Following a discussion today on how best to fill short-term funding gaps with tuition hikes, members of the Board of Trustees will focus their attention on the long-term financial health of the University.
Between 2008 and 2009, the Chapel Hill Investment Fund’s value decreased 19.8 percent, from $2.22 billion to $1.78 billion. This fund makes up most of the University’s endowment.
In the last two fiscal years, the fund bounced back, and once again is $2.22 billion.
Jon King, president and CEO of the UNC Management Co., which manages the fund, will give his annual report to the budget, finance and audit committee of the board today about the University’s endowment.
The endowment is made up of privately donated funds. Most donations are restricted to specific uses.
The donated money is then invested, and the interest from the investment funds the endowment’s goals.
The endowment focuses on the long-term growth of UNC, especially through funding scholarships and faculty positions.
King said the percentage of the total endowment made available each year for use by the school changes depending on economic circumstances.
That percent bottomed out at 4.4 percent in 2008, and increased to 5.6 percent for the last fiscal year.
King said his group invests the endowment conservatively compared to other universities.
“We tend to go down less in down markets and up less in up markets,” he said.
“In fiscal (year) 2009, a lot of the Ivy League schools with very large endowments reported losses of 25 to 30 percent, and we lost 19.8 percent,” he said.
By contrast, the value of UNC’s fund increased 14.4 percent from 2010 to 2011, while the University of Virginia’s endowment value increased 20 percent.
During the tuition and fee advisory task force meeting on Monday, students questioned Executive Vice Chancellor and Provost Bruce Carney about why UNC hasn’t used endowment funds to make up for the losses in state funding.
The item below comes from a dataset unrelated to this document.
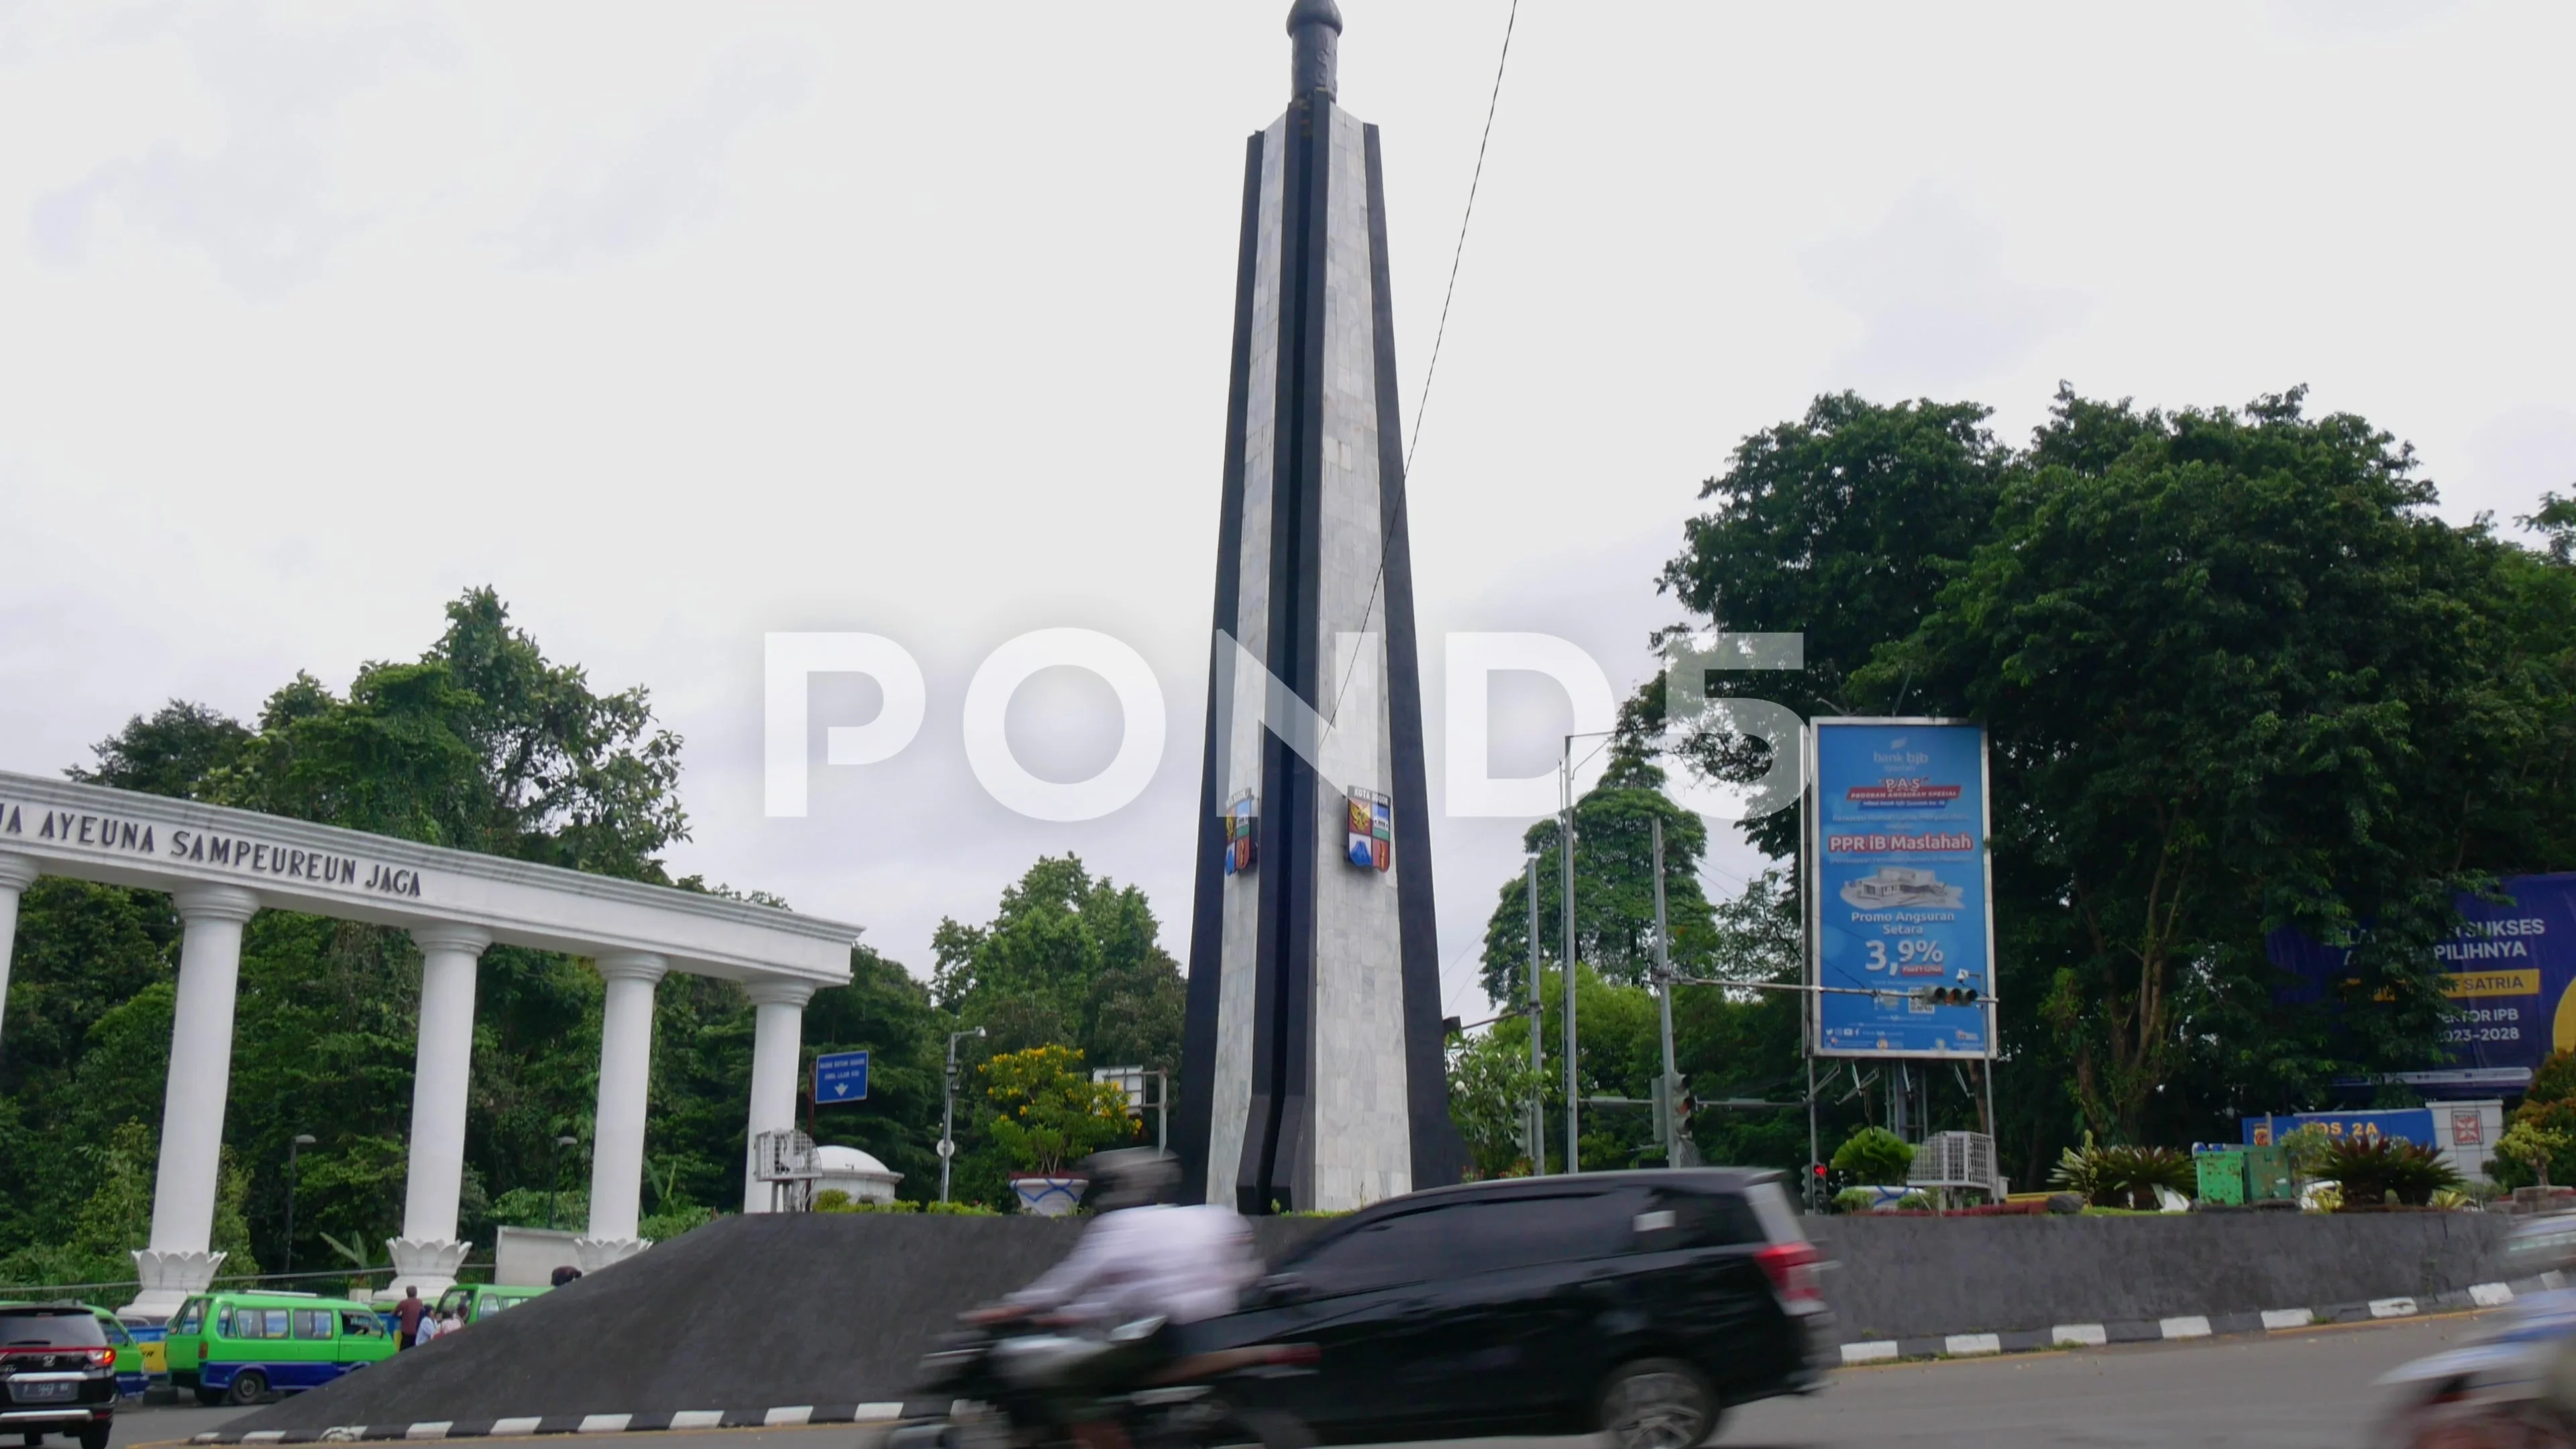 Kujang Monument' icon of Bogor City ** Tugu Kujang, menja… | Flickr

Dick Mann, vice chancellor for finance and administration, said this funding isn’t as available as it seems, with the vast majority of it being donated for specific uses.
“Most of that is already budgeted for very specific things,” he said.
He added that private universities typically have more unrestricted private funds than public universities.
Del Helton, associate director for donor relations in the College of Arts and Sciences, said the college has not considered dipping into its endowment.
“You want this money to be here for future generations,” she said. “It’s very dangerous over the long term because once that money is gone, it’s gone.”
Cecil Wooten, chairman of the Department of Classics, said endowments are crucial for the department.
He said the J. P. Harland Endowment Fund provides about $8,000 a year for graduate archeology students to travel to Europe, which is necessary for their education.
But the endowment also attracts students to the department, he said.
“When graduate students apply to this department … one of the questions they ask is, ‘Is there money available for travel in the summer?’” he said. “If I said no, we would not attract a lot of the good students that we do attract.”